15 The sentencing judge found that the applicant had some prospects of rehabilitation and made this finding the basis for finding special circumstances within s 44(2) of the Crimes (Sentencing Procedure) Act.

16 His Honour considered that it was necessary for the sentences to be imposed to give effect to the purposes of sentencing of general and personal deterrence. The applicant had not been deterred from committing further drug offences by his previous convictions or by his having been arrested and charged with the offences of 28 December 2006 and the offence of 24 March 2007.

17 Near the conclusion of his remarks his Honour said:-

          “With certainty I state that it is my intention to impose an overall sentence, by way of concurrent fixed terms and an accumulated sentence, of four years and nine months, which is to comprise a non-parole period of three years and a parole period of one year and nine months.”

      The application for leave to appeal against sentence

18 A notice of application for leave to appeal against sentence was not filed until 17 October 2008, nearly 12 months after the date of sentencing. In the notice two grounds of appeal were stated, namely:-

1. The sentencing judge erred in finding that the motive or reasons for the offence were sheer greed.

2. The sentences imposed were manifestly excessive.

19 I will consider each of the grounds of appeal in turn.


      Ground 1. The sentencing judge erred in finding that the motive or reasons for the offence were sheer greed.

20 I have already quoted, but it is convenient to repeat, the part of the remarks on sentence in which his Honour made the finding which is challenged. His Honour said:-

          “Aged fifty-one he has extensive experience in the transport industry, and at the relevant time was operating a successful scrap metal business employing a staff of three. That business was improving and his evidence was to the effect that he was making up to $4,000 a week. Given that he was not an addict supplying to fund a habit, and given that he was conducting a successful business with a substantial income, there was no other sensible reason or motive for his conduct other than sheer greed.”

21 In the proceedings on sentence conducted on 16 November 2007 the applicant had in evidence in chief given the following evidence about his business.

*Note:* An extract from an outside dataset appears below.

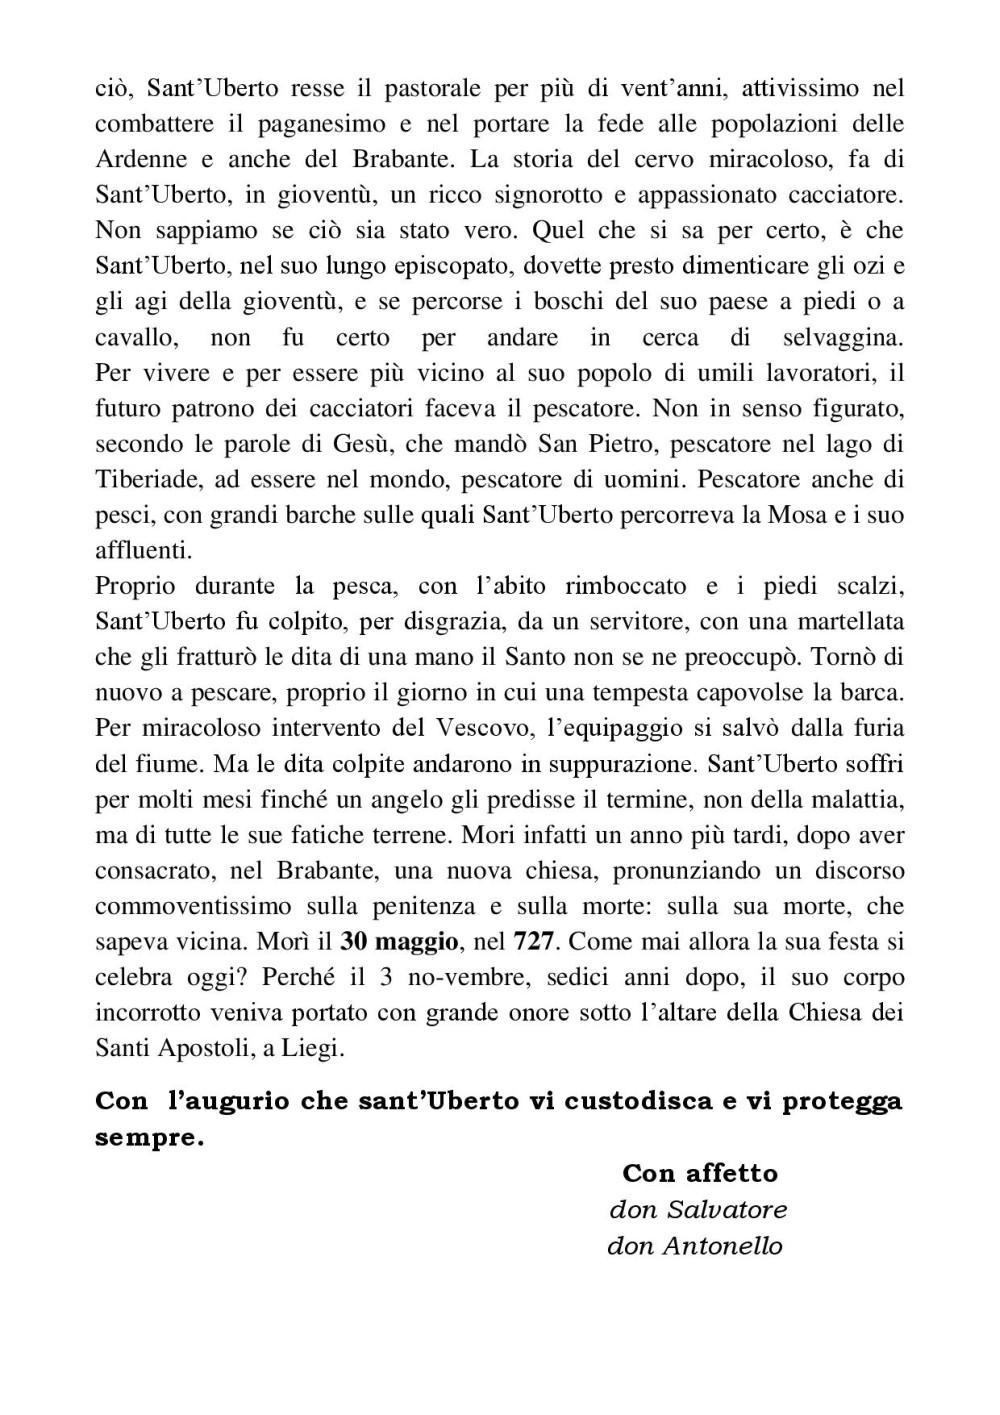 Vita di San Uberto, pagina 3

          “Q. You’d set yourself up into a little business hadn’t you?
          A. Yes, yes.
          Q. You were operating a scrap metal business at Taren Point?
          A. Yes.
          Q. When did you set that business up?
          A. About fifteen months ago, roughly.
          Q. That was in like a factory unit?
          A. Yes a factory unit and yard, yes.
          Q. Near the Taren Point Marina?
          A. Yes it was in – there are factories in where the Marina is and it was in there.
          Q. Were you doing well or coping?
          A. Yes.
          Q. How was it going?
          A. The business was starting to really go well, I was employing three people on a casual basis and it was the business was just getting better and better.
          Q. What were you doing?
          A. I would buy and sell scrap metal, I would buy it off people then clean it up and resell it to like, Sims Metal and places like that.
          Q. What sort of money were you making out of that business?
          A. Towards the end I was making you know, sometimes up to four thousand dollars a week.
          Q. Profit?
          A. Profit, yeah.”

22 In the proceedings on sentence the applicant was cross-examined by the representative of the Crown but was not asked any questions about his business.

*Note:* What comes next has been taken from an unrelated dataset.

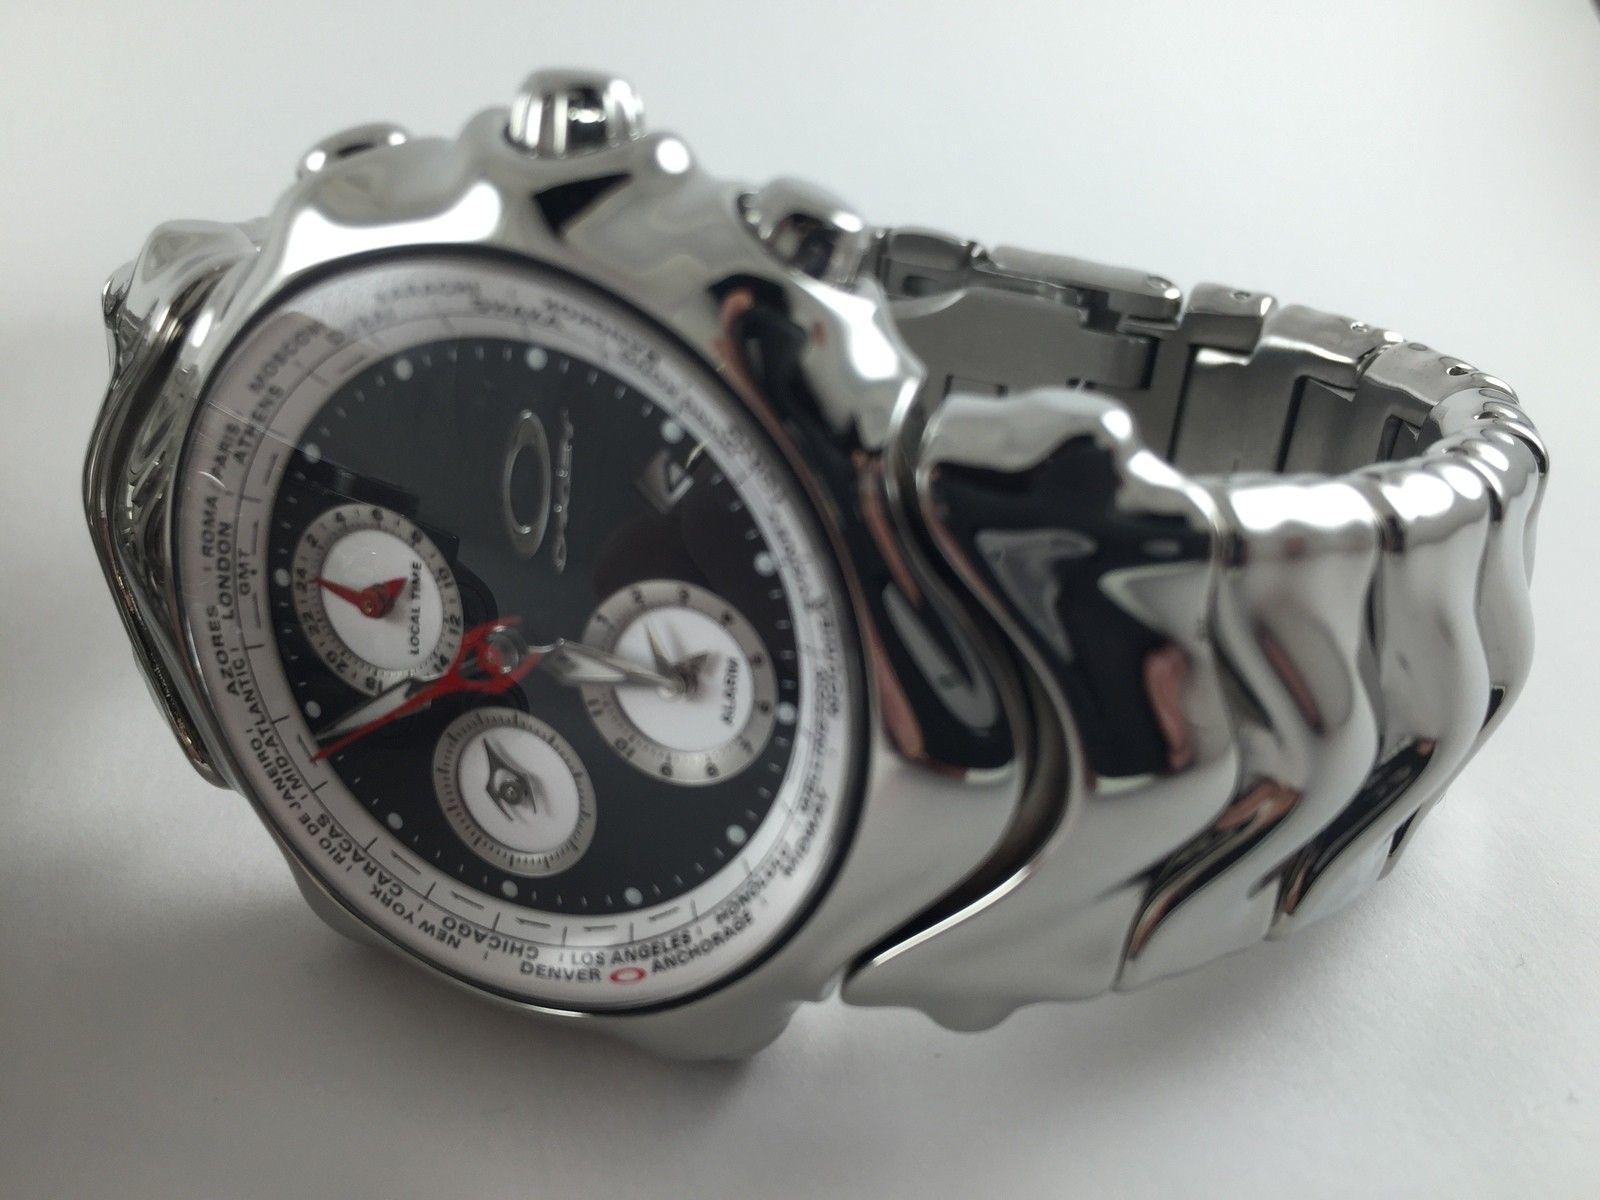 Hollow Point & GMT Watch - 15092902994_aaeb612e96_o.jpg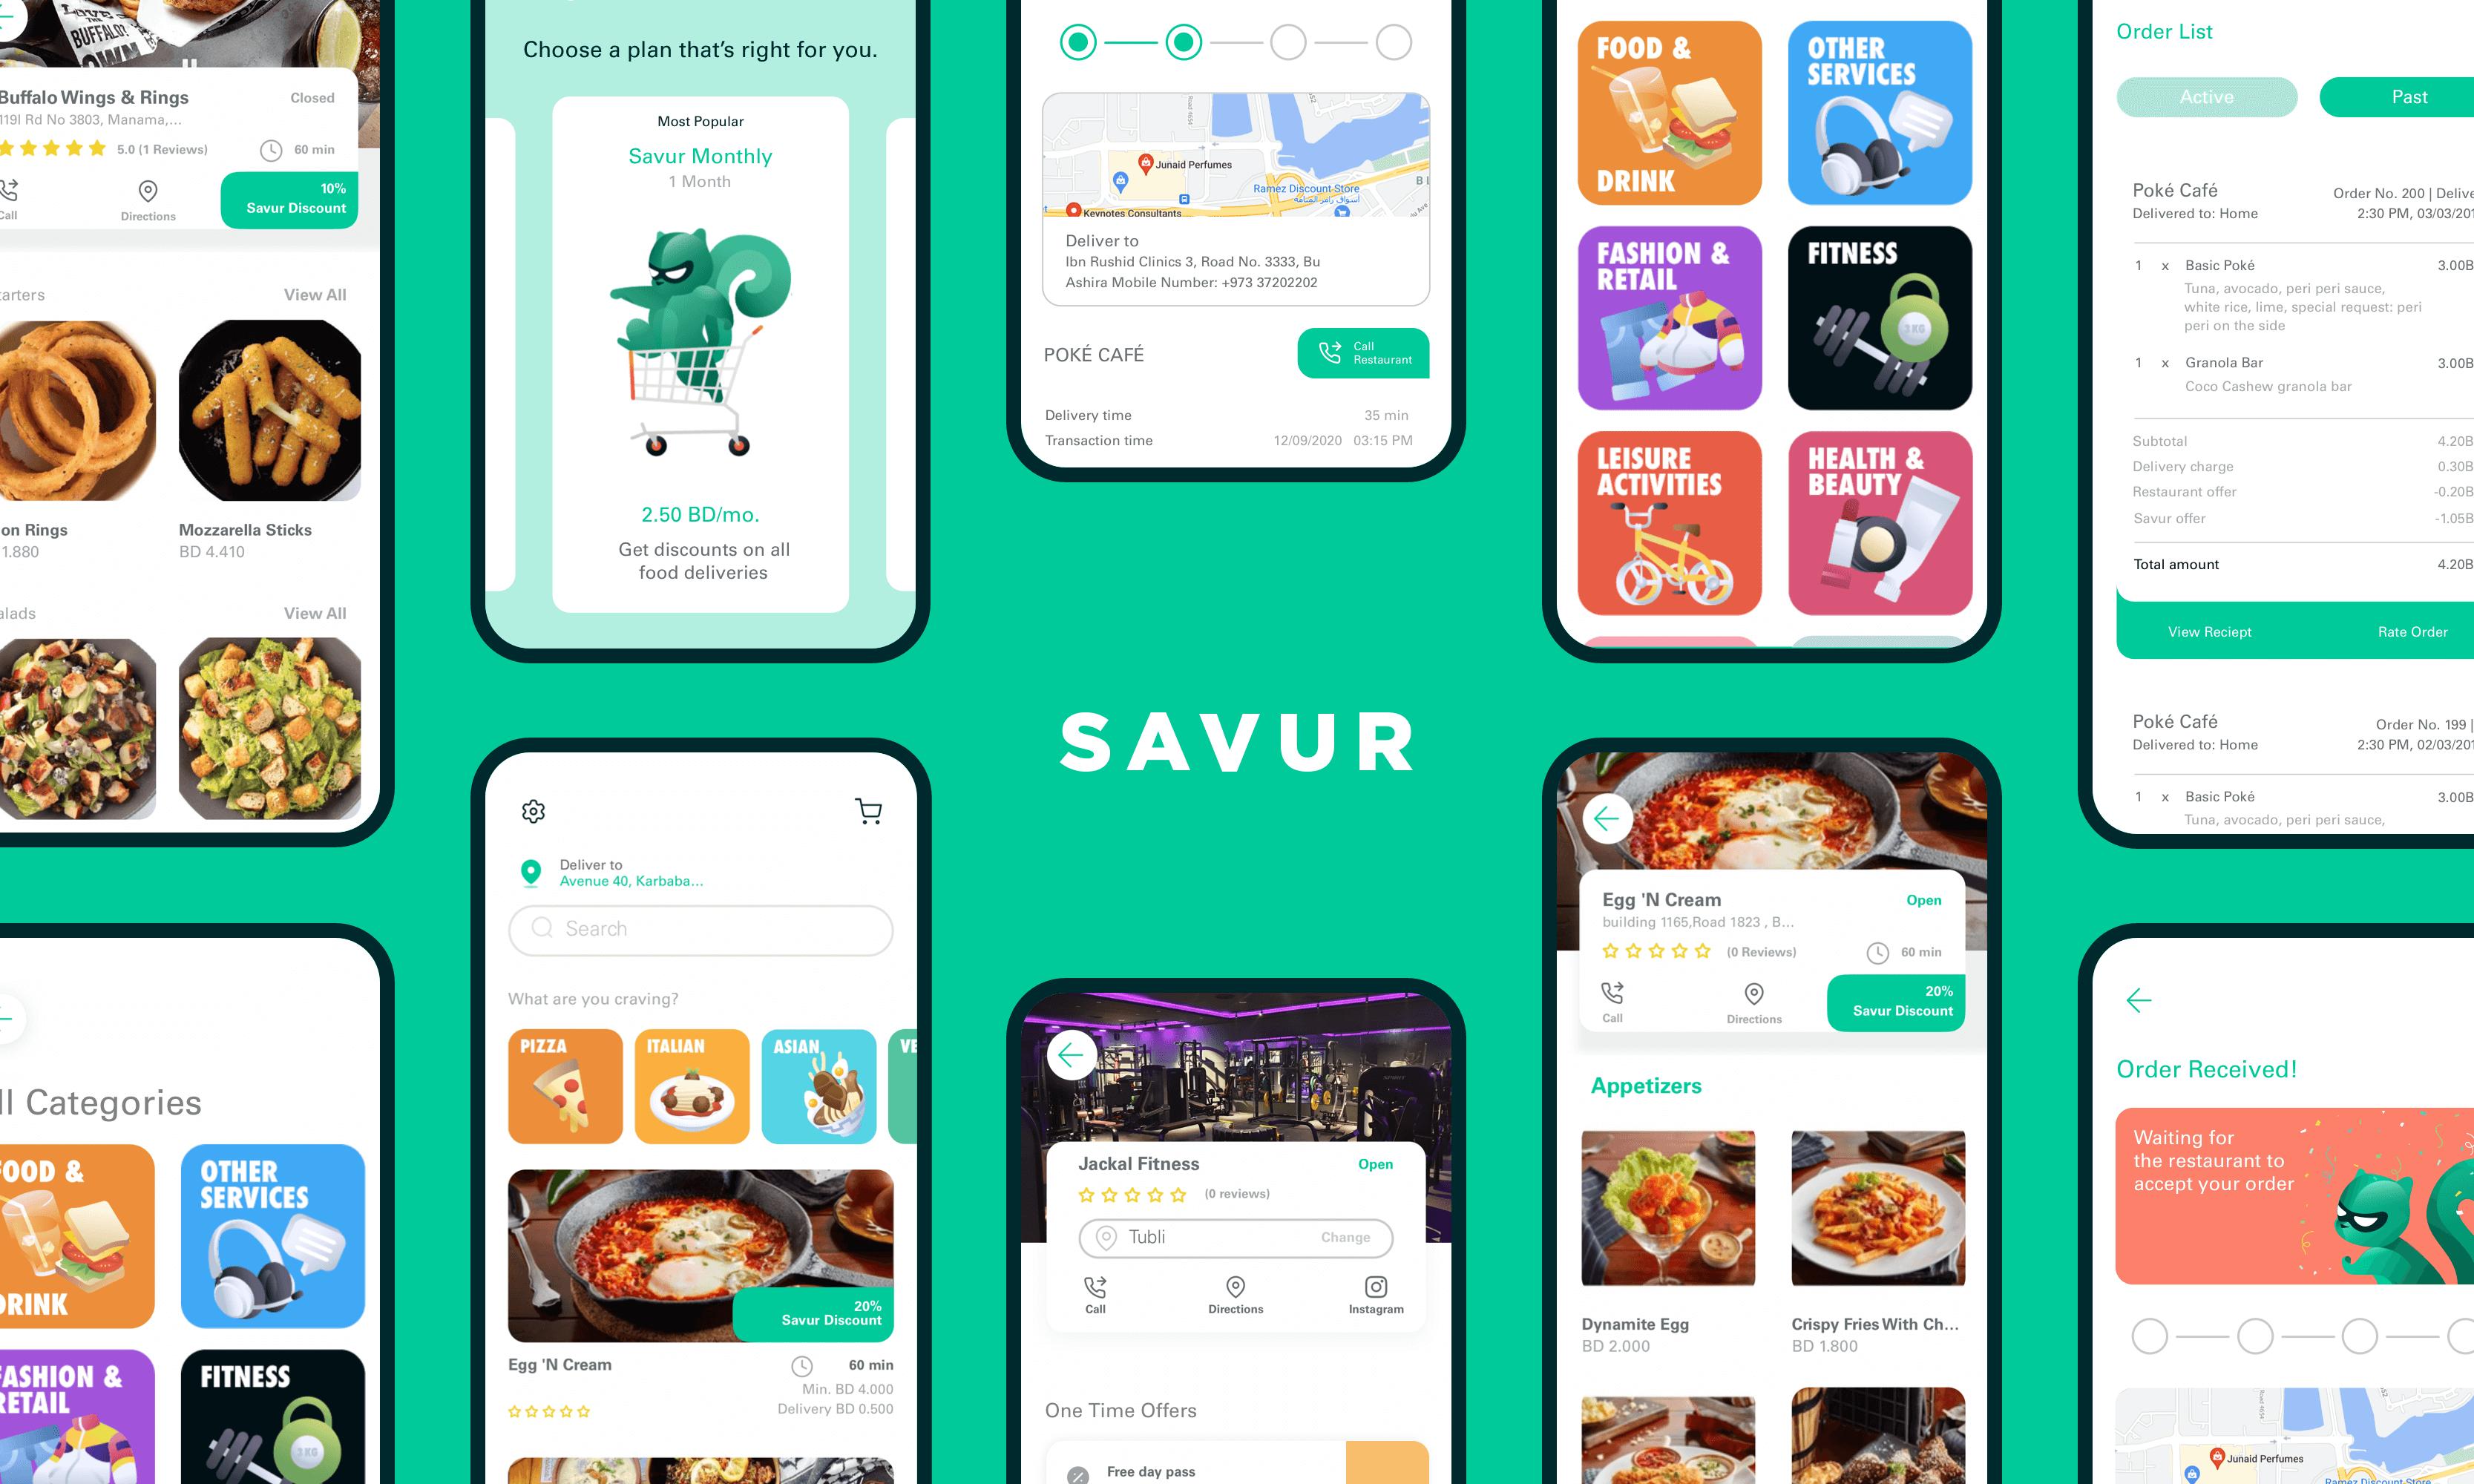 Savur_1

23 A pre-sentence report dated 15 August 2007 which was admitted into evidence in the proceedings on sentence stated under the heading “Education/Training/Employment”:-

          “Having extensive experience in the transport and labouring industries, Mr Garner now operates a scrap metal business. At times he employs three casual staff.
          From his net weekly income of $1000, Mr Garner reportedly pays $260 per week rent for his industrial site.”

      The sentencing judge did not refer to this part of the pre-sentence report in his remarks on sentence.

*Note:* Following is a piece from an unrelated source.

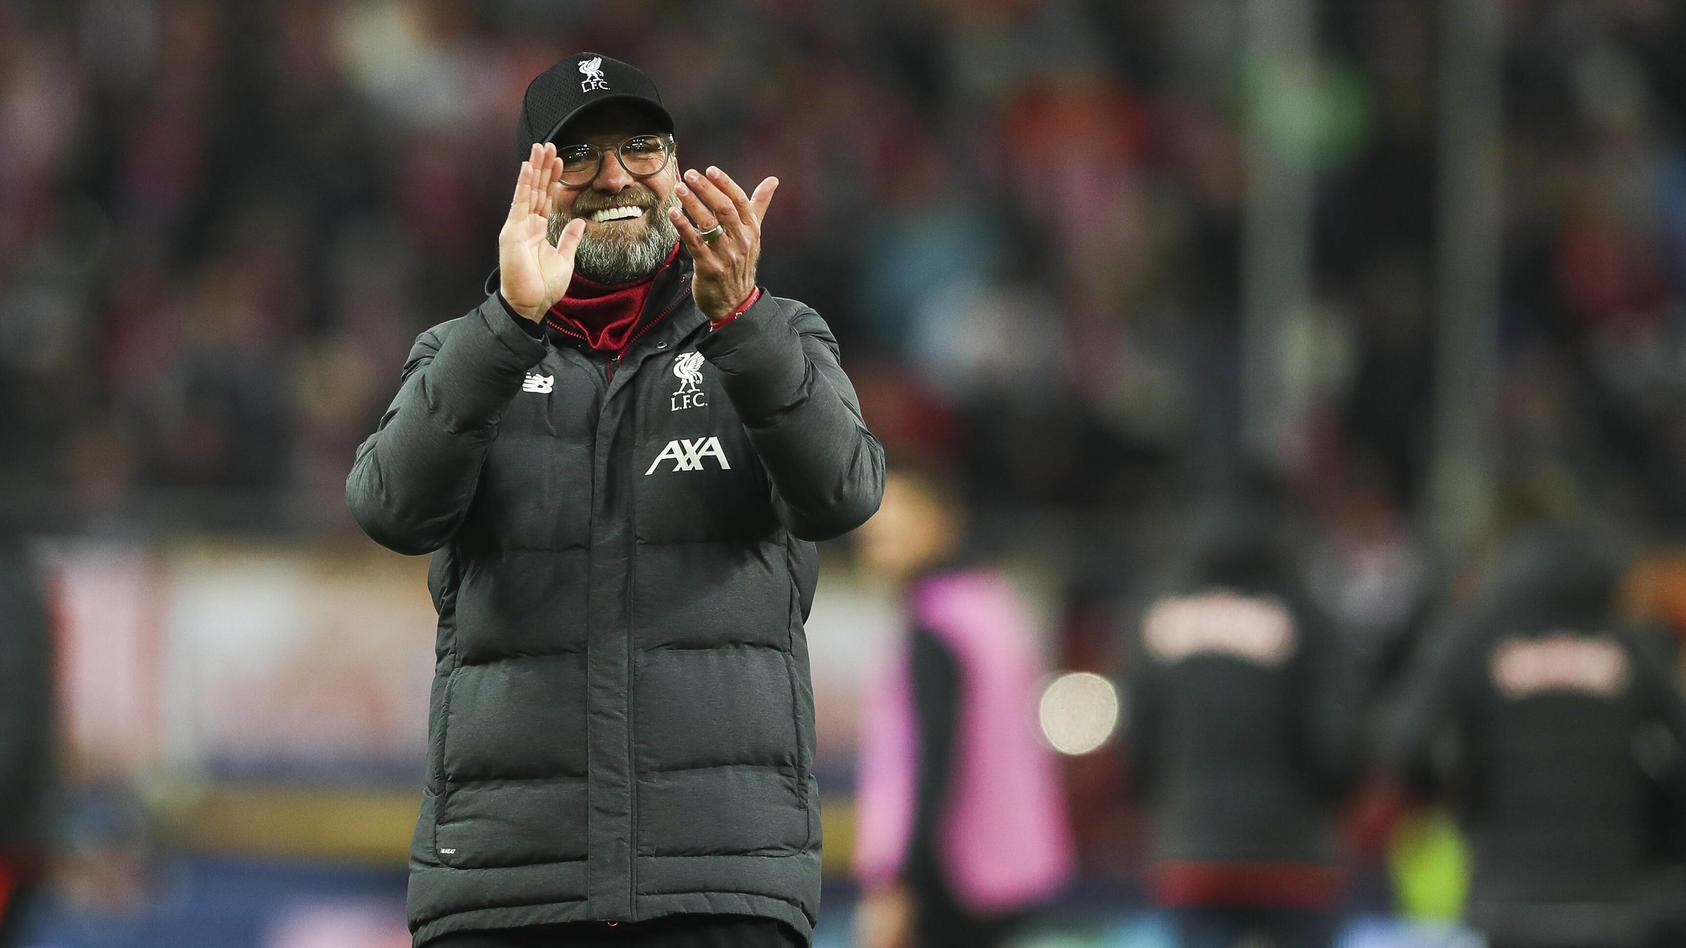 SOCCER - CL, RBS vs Liverpool SALZBURG,AUSTRIA,10.DEC.19 - SOCCER - UEFA Champions League, group stage, Red Bull Salzbu

24 It was submitted by counsel for the applicant that:-

(1) The sentencing judge had erred in saying that the applicant’s evidence in the proceedings on sentence was that “at the relevant time”, that is at the time of the offences or at least at the time of the offences of 28 December 2006, the applicant was “making up to $4000 a week” from the business.

(2) The sentencing judge had erred in not treating the figure of $4000 per week as being a gross and not a net figure.

(3) The sentencing judge had erred in not having had regard to other findings he had made about the extent of the applicant’s own use of drugs and other evidence admitted in the proceedings on sentence about the cost to the applicant of the applicant’s use of drugs.


      It was further submitted that as a result of these errors his Honour had erred in concluding that there was no other motive for the applicant committing the offences than sheer greed.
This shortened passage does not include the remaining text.